Отец говорил еще о чем–то, потом снова о прошении, но Ималда уже не способна была следить за ходом его мыслей.
«Ровно на десять лет старше!
Не было! Не было! Не было!»
Она на миг отключилась от окружающего, а когда снова вернулась к действительности, время свидания истекло, заключенные вставали, застегивали ватники, надевали на свои бритые головы простые плюшевые ушанки. Заключенных первыми выводили из помещения.
Отец кивнул Ималде на прощанье.
Она в ответ тоже кивнула.
Он повернулся и не оглядываясь вышел за дверь.
Когда она уже ехала в трамвае, вспомнила, что отец ни слова не спросил об Алексисе. Но и Алексис ничего не просил передать отцу, хотя знал, что Ималда идет на свидание. Почему?
«1932» и «1942». «1932 и «1942». «1932 и «1942».
«Не было! Нет, не было!»
Дома в коридоре на плечиках висело чужое пальто с воротником из искусственного меха, из задней комнаты доносился голос Алексиса и еще чей–то. Прежде чем взяться за приготовление обеда, Ималда решила ради приличия поздороваться с гостем.

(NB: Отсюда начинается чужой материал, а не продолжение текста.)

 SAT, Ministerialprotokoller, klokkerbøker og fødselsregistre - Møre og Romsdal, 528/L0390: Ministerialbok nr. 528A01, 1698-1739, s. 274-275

Алексис разговаривал с низкорослым мужчиной, у которого были жидкие волосы и заячья внешность из–за длинных передних зубов — они виднелись даже когда рот был закрыт.
На комоде лежала двустволка и несколько патронов в латунных гильзах.

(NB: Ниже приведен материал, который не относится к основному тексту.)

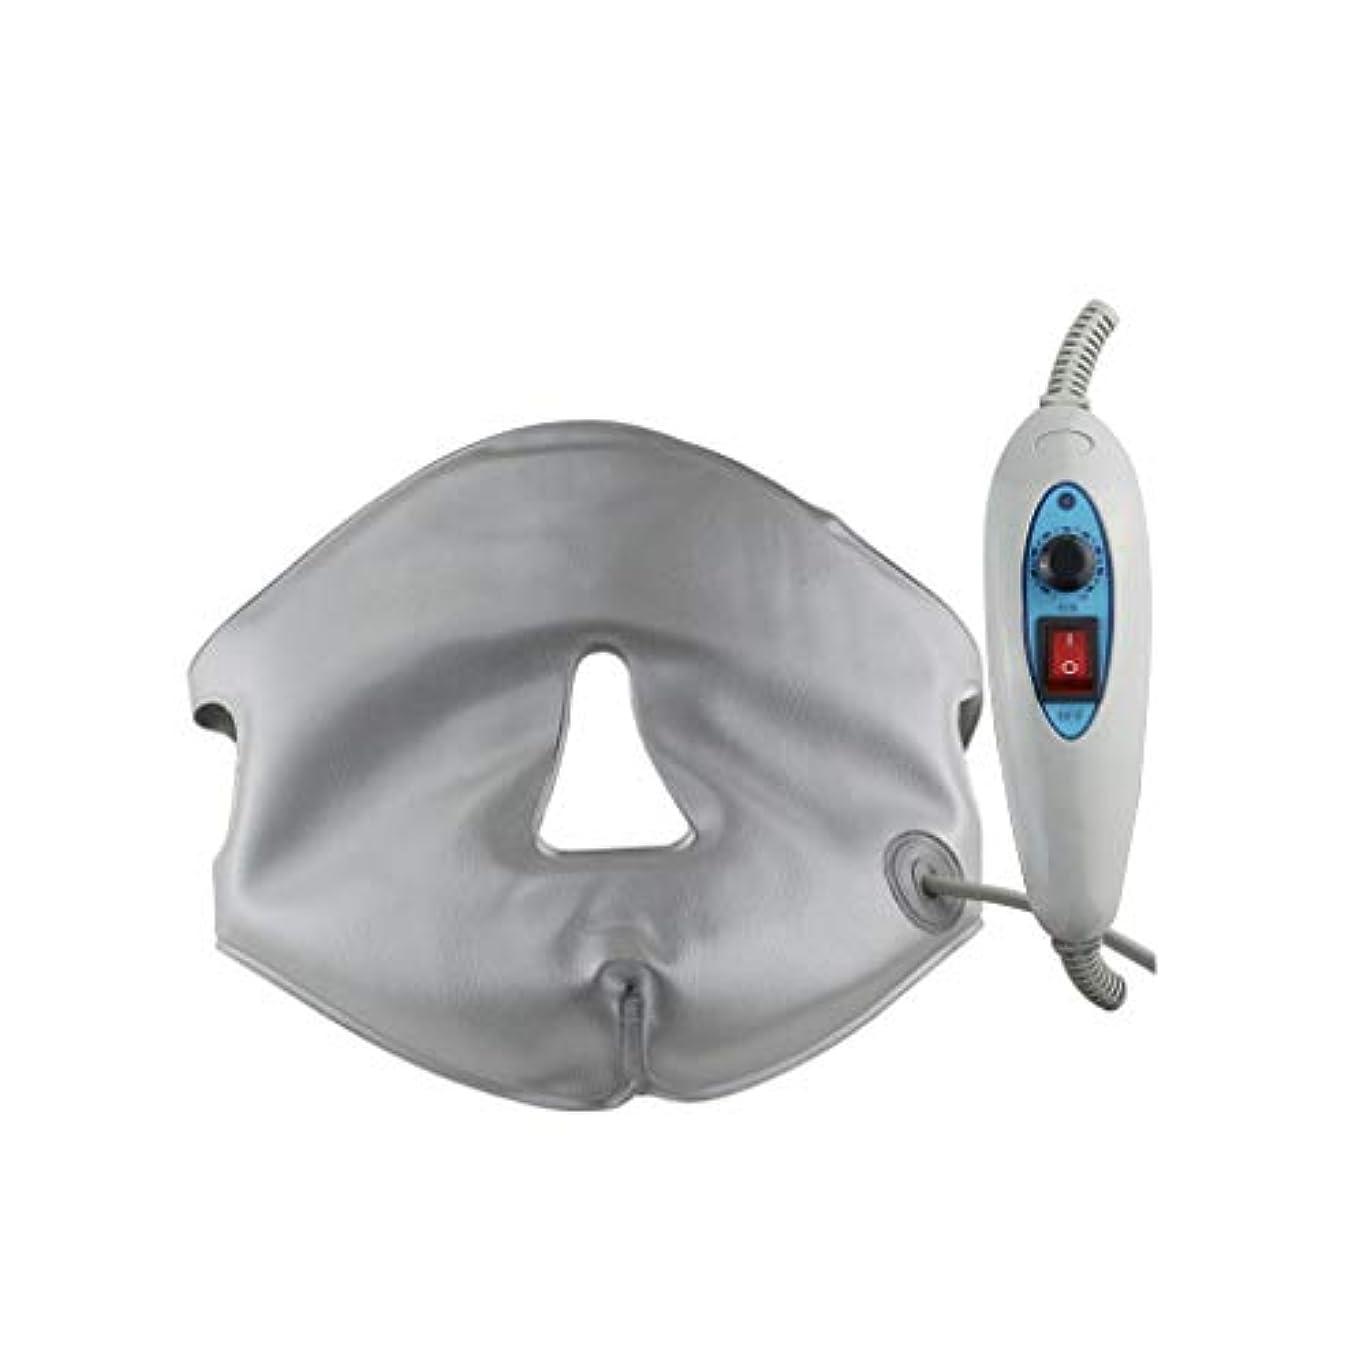 潮ミュウミュウ触手LJK フェイスリフティングマスク、フェイシャルスリミング、遠赤外線ホワイトニングと若返りホットコンプレス、フェイシャルマッサージ、ハイドレーティングVフェイスマスク、美容機器

Поздоровавшись с Ималдой, мужчина взял ружье и несколько раз приложил его к плечу.
— Ладно лежит! — похвалил он. — Умели же делать!
Ималда вернулась в кухню, но дверь в коридор осталась открытой: ей было слышно продолжение разговора:
— Так сколько вы хотите?
— Не знаю. У меня такая вещь впервые.
— А сколько вы сами платили?
— Какое это имеет значение? На ценность вещи это не влияет.
— На охоту с таким не пойдешь.
— Почему же?
— Всему свое время. Раньше ездили в санях и дилижансах, а теперь — в автобусах. Отошло время и курковых ружей, они устарели. — В голосе гостя были и восхищение и похвала: — Стволы из розового булата! Французский затвор!
— Вот видите! — с надеждой воскликнул Алексис.
— Стволы из булатной стали годятся только для пороха. А порохом давно никто не пользуется. После выстрела охотник сидит, окутанный вонючим облаком, и ждет, пока оно рассеется.
— Стало быть, вас это ружье не интересует?
— С удовольствием украсил бы им дома стену. Мастер Густав Ульбрих считается одним из лучших специалистов в Европе по изготовлению стволов из булатной стали. Hofbüchsenmachen Dresden… Оружейный мастер при саксонском дворе.
— А ваша цена?
— Пятьдесят… Самое большее — шестьдесят…
— И не подумаю!
— Как изволите!
Алексис с двустволкой в руках проводил человека — «зайца» до вешалки и закрыл за ним дверь.
— Посмотри, какая гравировка! Ни один рисунок не повторяется! А он захотел всем этим завладеть за шестьдесят рублей! Жмот! — сказал он Ималде.
Все металлические части ружья были гравированы: меньшие — гирляндами дубовых листьев и орнаментами, большие — картинками с оленями, лисицами, глухарями, куропатками и другими лесными обитателями — искусителями охотников.
— Отец расспрашивал о тебе — где работаешь, не собираешься ли жениться, — неуверенно начала сочинять Ималда, боясь, что брат обнаружит ложь, но ей она казалась сейчас просто необходимой.
— Вот как? — неуверенно протянул Алексис, взял с гвоздика ключ на синей ленточке и ушел обратно в комнату.
Через некоторое время он прошел по коридору мимо кухни. С ружьем, упакованным в замызганный и потрепанный чехол.
Скрипнула входная дверь. Брат понес ружье в подвал.
«Алексиса и отца, наверно, разделяет какая–то пропасть, через которую они не могут перешагнуть. И даже не пытаются.
Прошение о помиловании я напишу. Завтра же напишу. И необходимые справки от доктора Оситиса тоже получу.»
Ей было стыдно, что она посмела — пусть даже про себя — упрекнуть в эгоизме отца, который томился в заключении. И хотя в своей беде он косвенно винил членов семьи, наверняка он так только говорил, но не думал. Просто чтобы не истязать упреками самого себя.
«Это беда не только отца — это наша общая беда.
Как было бы хорошо, если бы его освободили! Мы опять жили бы все вместе!»